WESCAP Q4 2024 Quarterly Commentary: A Challenging Quarter for Investments Amid Rising Interest Rates
Portfolio results for the last quarter of 2024 were weak with most investment categories posting negative returns. A rise in long term U.S. interest rates had a detrimental effect on most fixed income and equity assets.
Inflation has moderated, but not at the pace expected a few months ago. The November election results boosted concerns about accelerating U.S. government budget deficits, possible new trade tariffs, and higher inflation. These factors contributed to a rise in longer term borrowing rates. The 10-year Treasury bond ended the year with a 4.58% yield, up 0.77% from the end of the third quarter 2024. This carried through to mortgage rates, car loan rates, and many business loans. These higher rates caused intermediate and long-term bond prices to fall. Real estate and real estate securities also fell and most stocks experienced declines as well. The Federal Reserve’s interest rate cut of 1% only partially alleviated the negative impact of higher long-term interest rates.

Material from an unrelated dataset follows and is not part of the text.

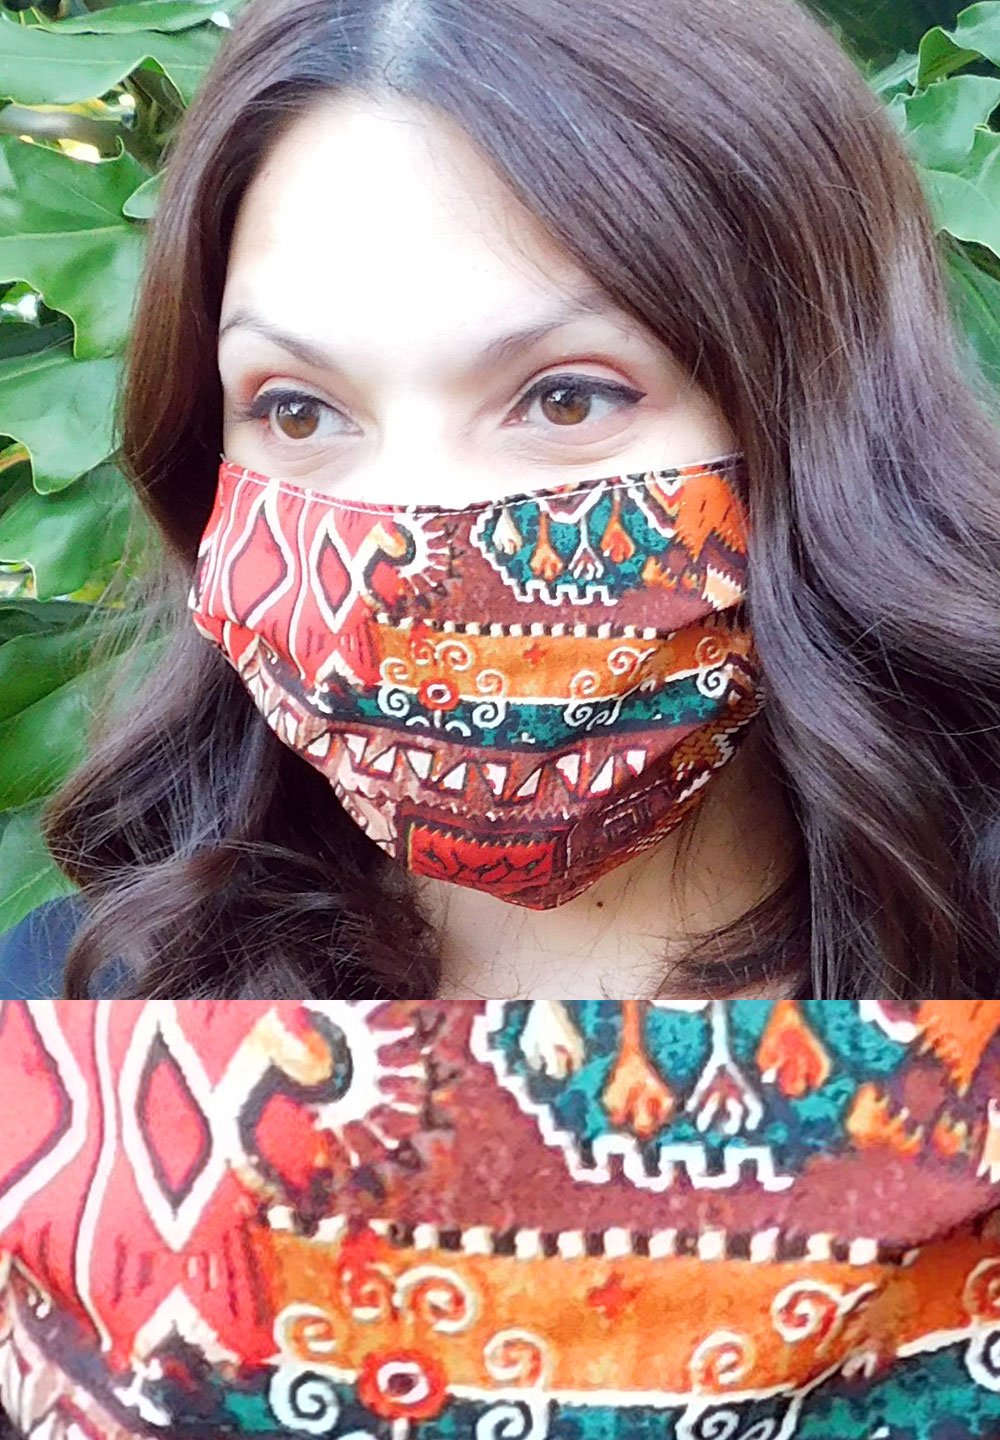 Tribal Mask

The Bloomberg US Treasury 20+ Year bond total return index declined 9.4% in the fourth quarter, which contributed to an 8.0% one-year decline. Real estate stocks (Nareit REIT index) dropped 8.2% over the fourth quarter. The “average” stock (S&P 500 equal-weighted index) declined 1.9% over the last quarter. Small cap U.S. stocks (Russell 2000) posted a positive 0.3% return over the quarter, mostly due to the very large post-election November gain, though they did lose 8.3% in December due to the issues mentioned earlier. The Morningstar Global Allocation category (U.S. and foreign stocks and bonds) lost 3.1% over the quarter, as non-dollar assets generally did worse due to weaker international growth prospects and weakening currencies.

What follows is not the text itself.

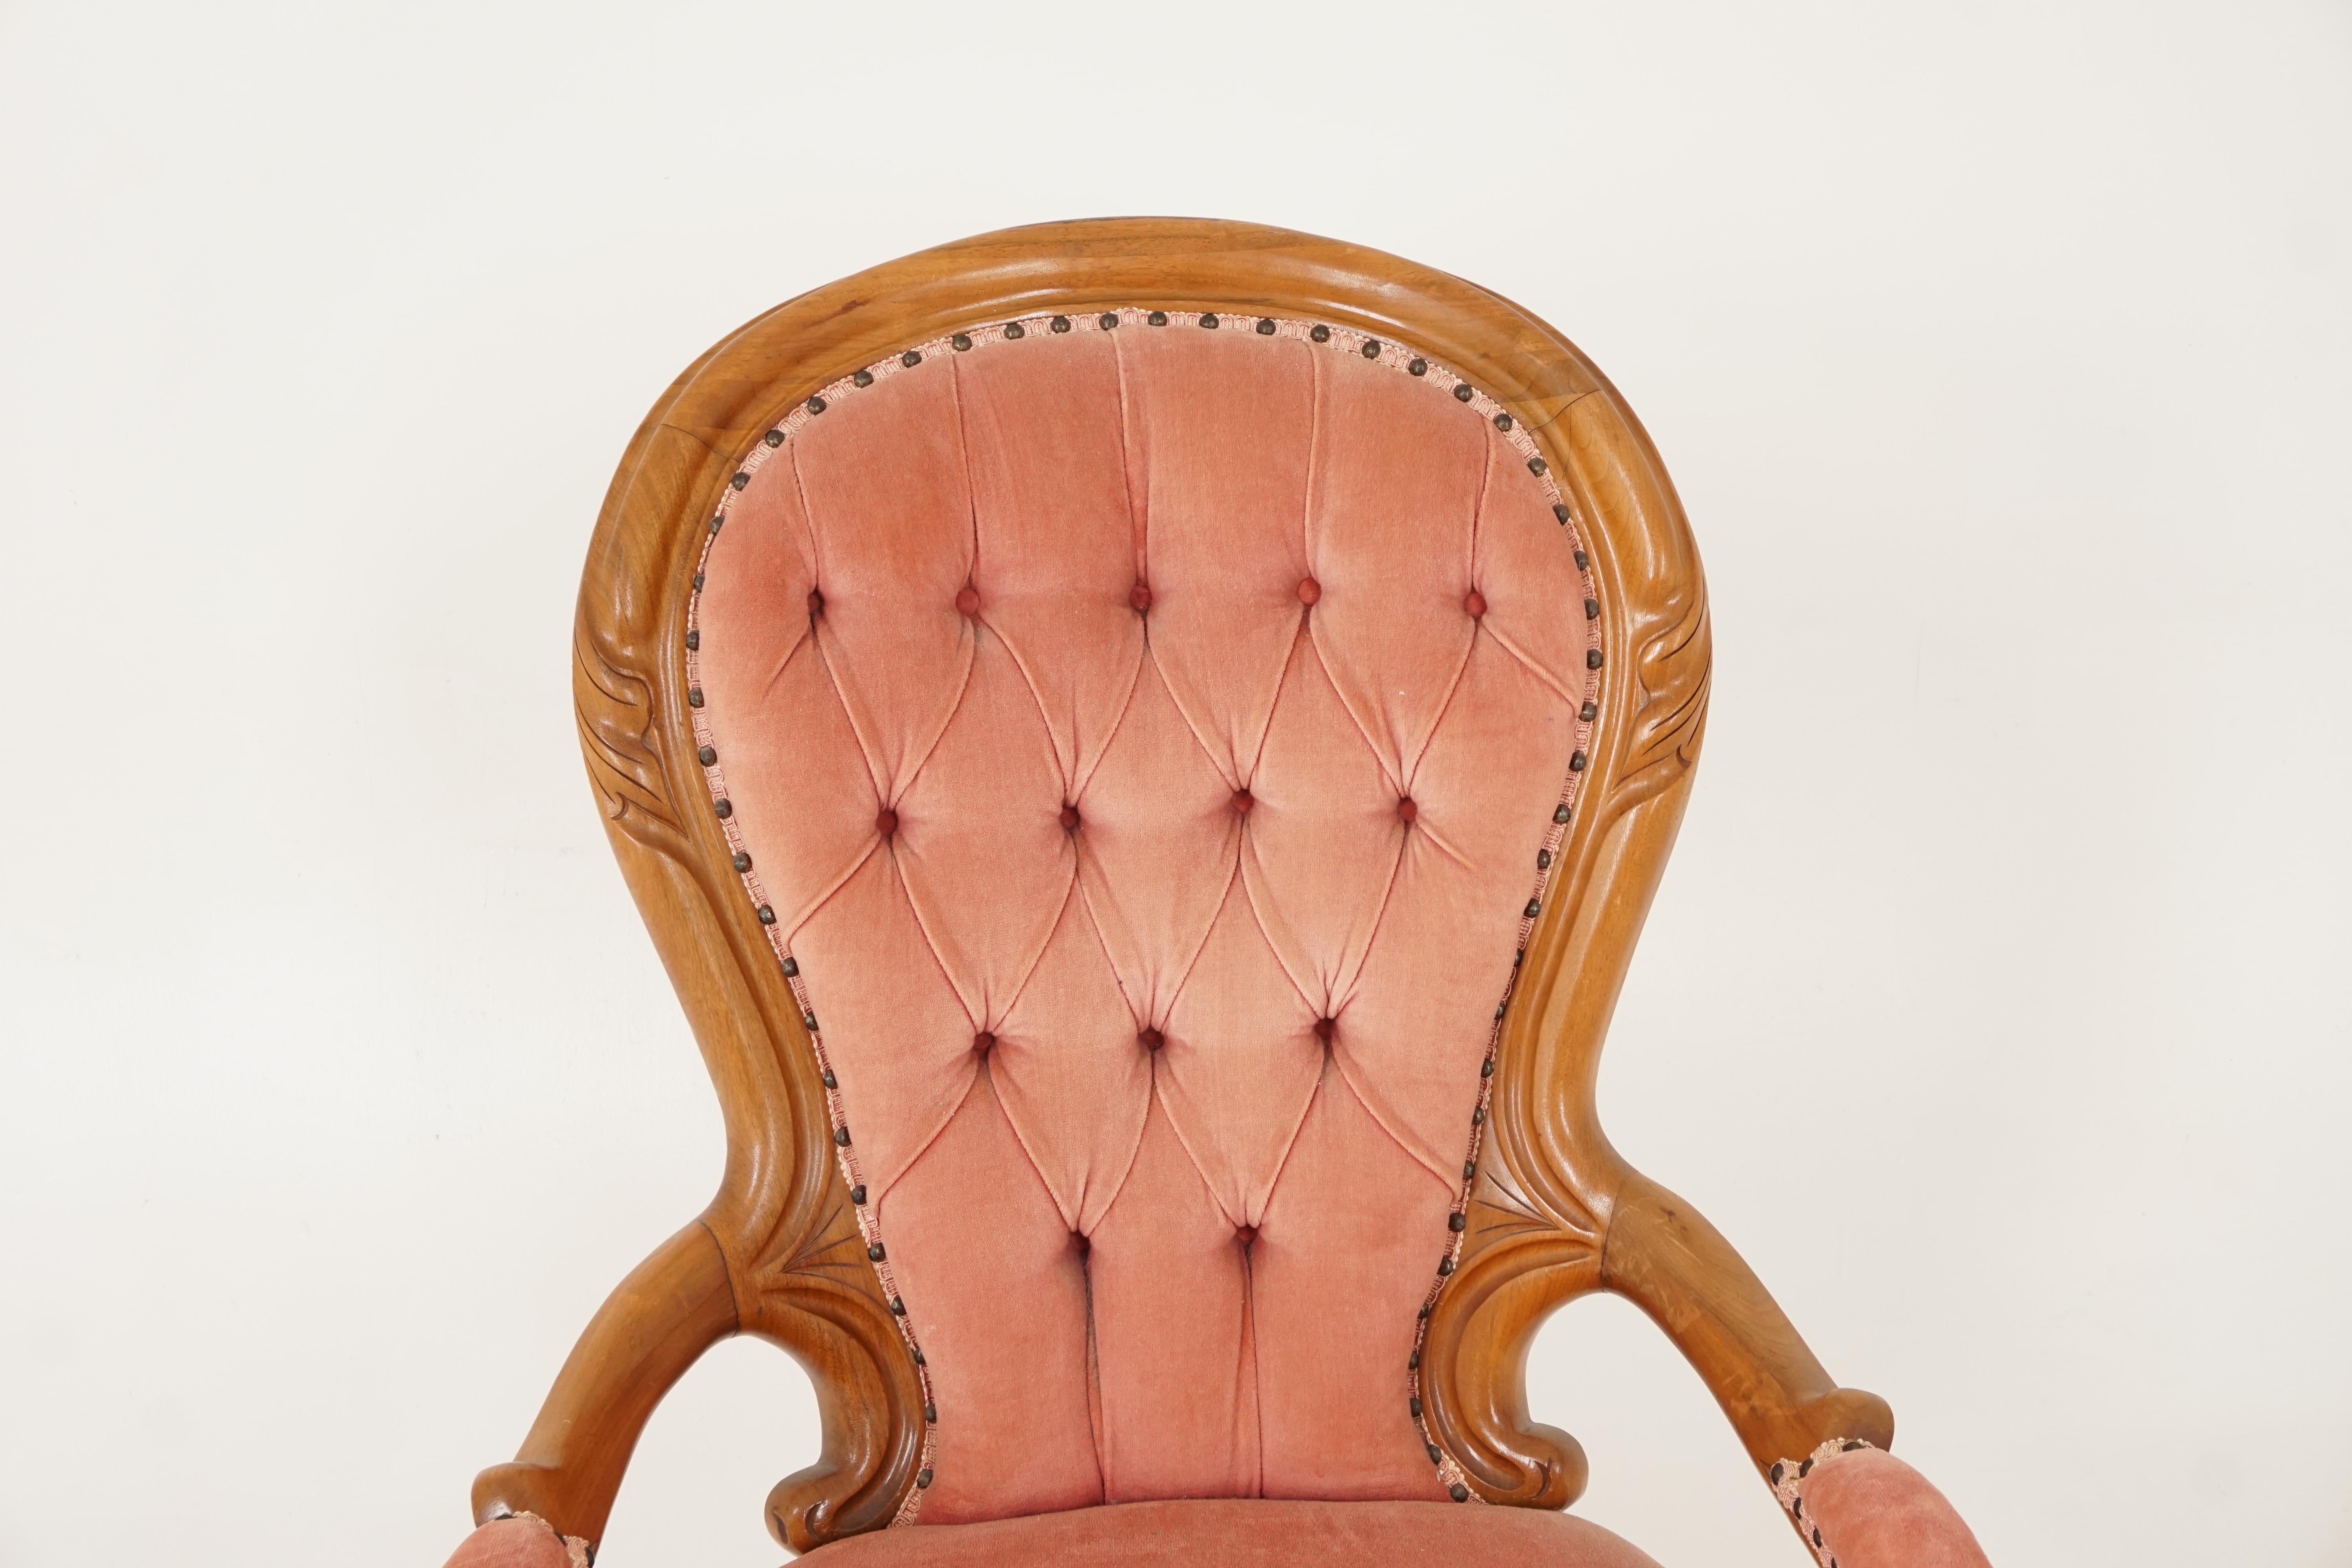 Scottish Antique Victorian Arm Chair, Carved Walnut, Button Back, Scotland 1870, B2504

The S&P 500 cap-weighted index posted a positive 2.4% for the quarter. The largest 10 companies have a stock value that is just under 40% of the entire group of 500 stocks in this index. These mega-cap companies (Apple, Nvidia, Meta, Google, Amazon, etc.) significantly out-performed the average stock and thus carried this index to a modest quarterly gain.
Despite a weak fourth quarter, 2024 overall delivered positive returns. Inflation trended down and corporate and household earnings showed enough strength to calm recession fears, allowing most assets to provide modestly positive 2024 returns.
We continue to prefer U.S. dollar assets, and favor short-term/adjustable rate fixed income over longer term bonds. However, the rise in longer term bond yields presents a few more opportunities to extend maturities and earn a higher interest rate.
Nevertheless, pending domestic policy uncertainty and continued geopolitical risk tend to suggest not becoming overly aggressive on the investment front in the near term.